## What you will do
Would you reproduce the whole listing exactly, minus its images?

## Dataset content

● ● ● ● ● ● ●

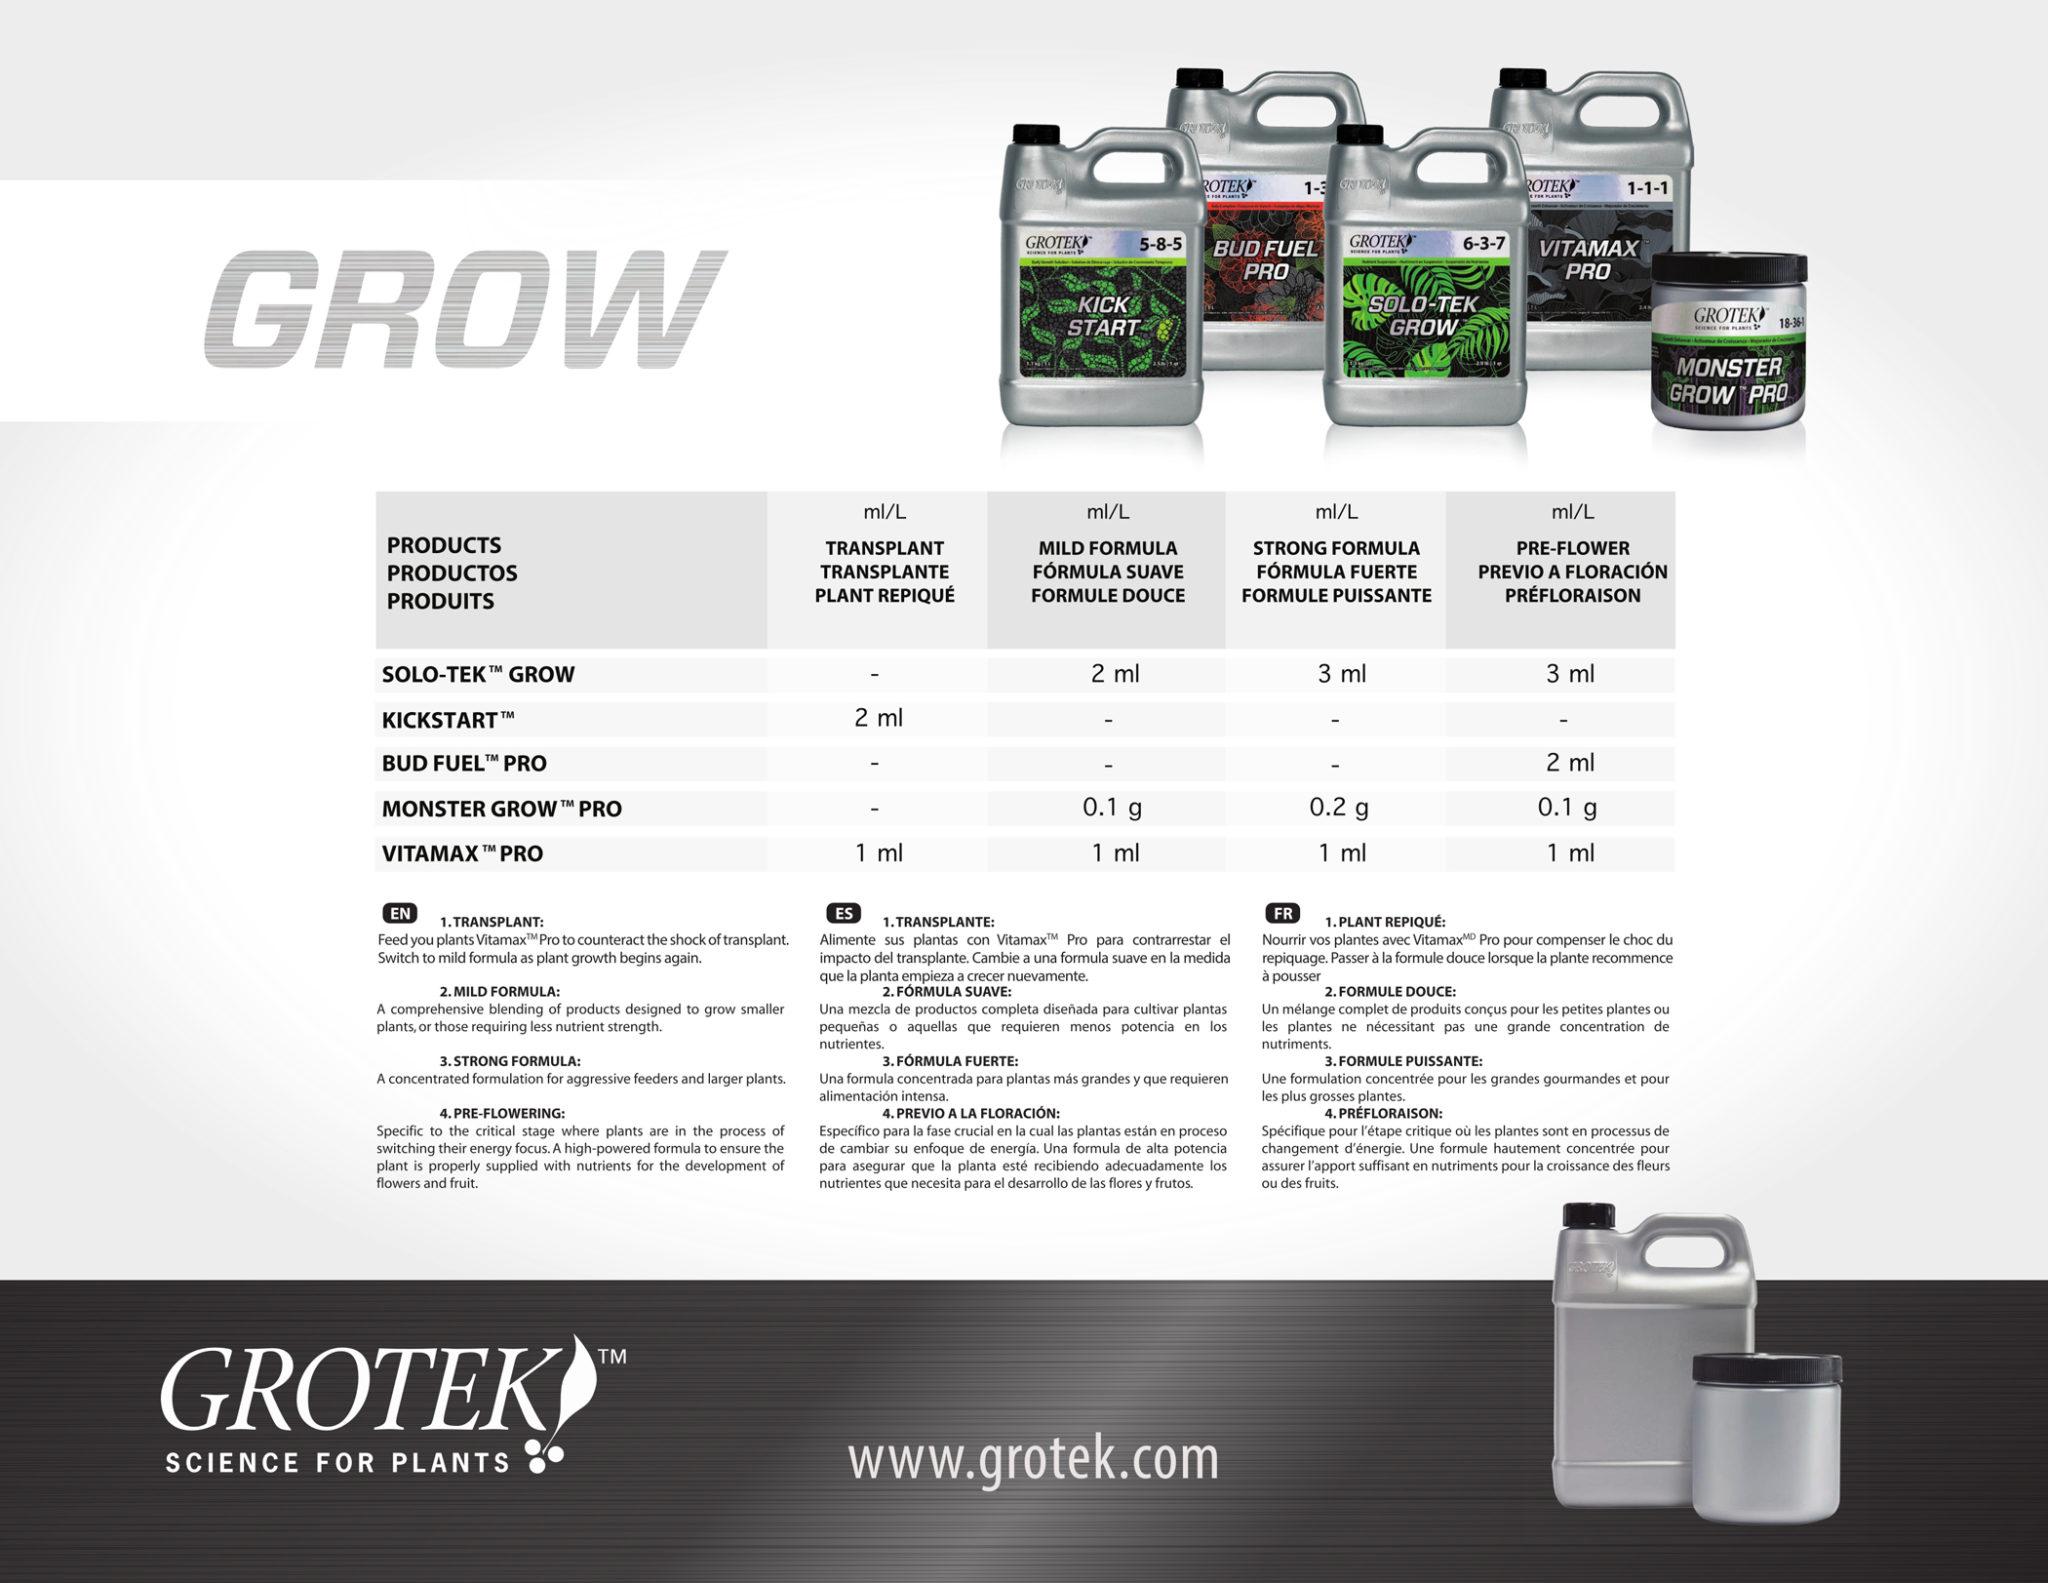 Grotek Grow
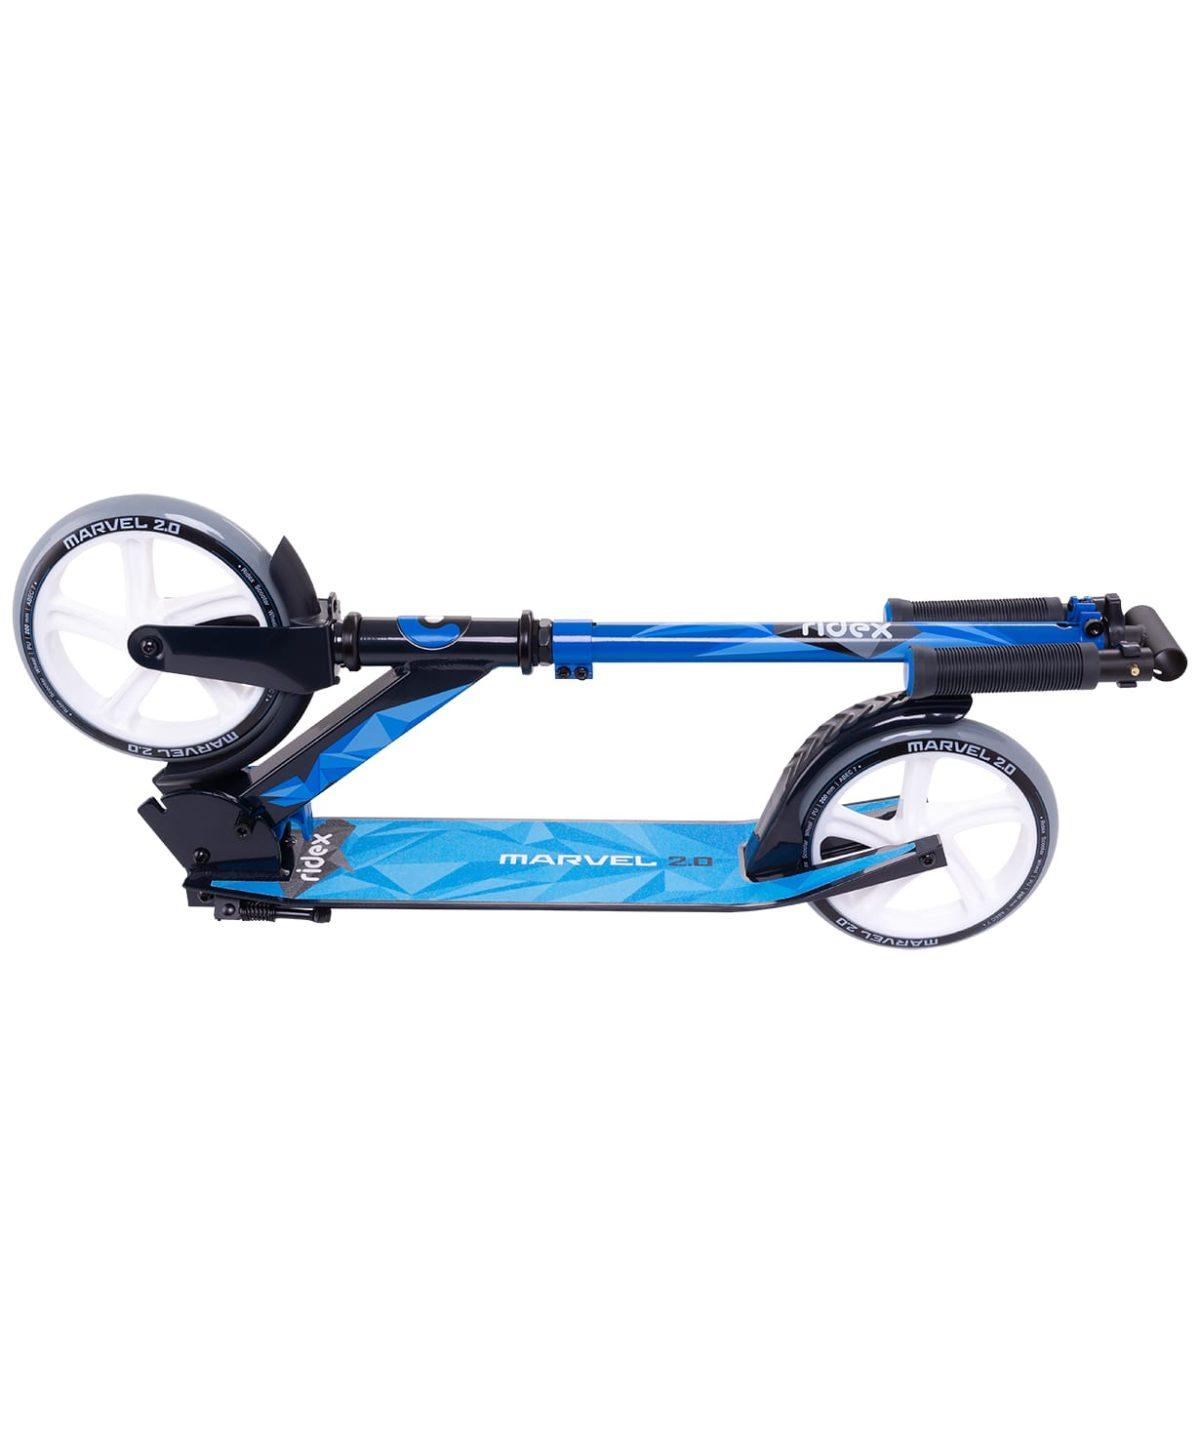 RIDEX Marvel Самокат 2-х колесныйи 200 мм  Marvel: синий/черный - 5
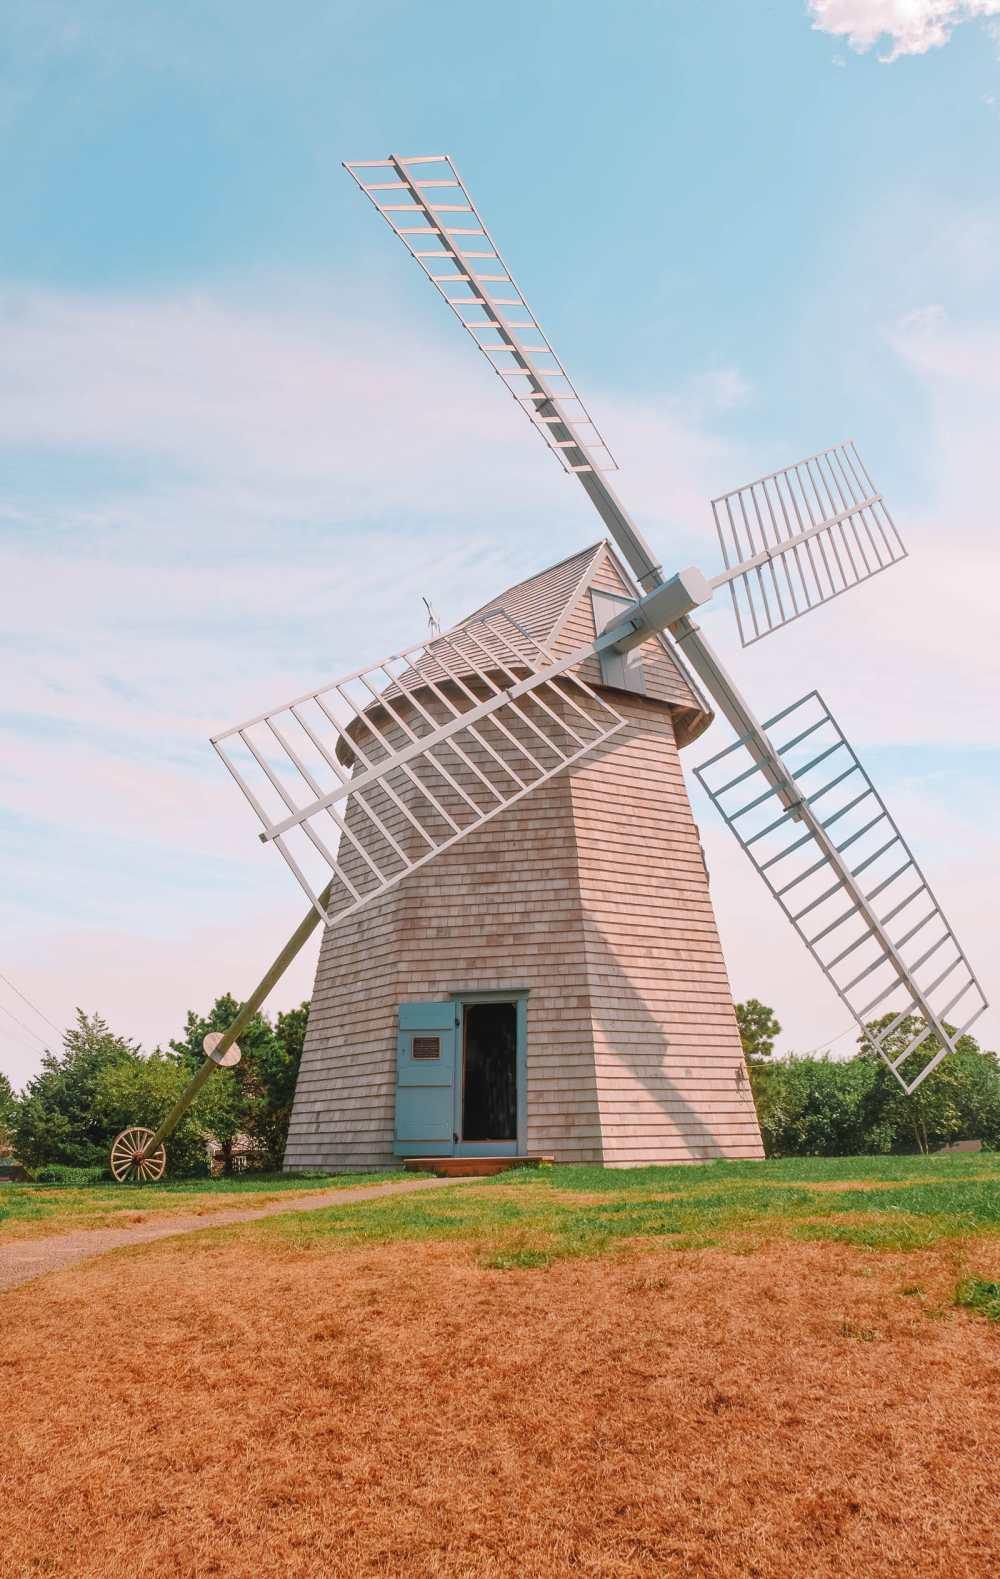 Ветряная мельница на Кейп-Коде в Массачусетсе

● ● ● ● ● ● ●

## Answer
 Grotek Grow
 RIDEX Marvel Самокат 2-х колесныйи 200 мм  Marvel: синий/черный - 5
 Ветряная мельница на Кейп-Коде в Массачусетсе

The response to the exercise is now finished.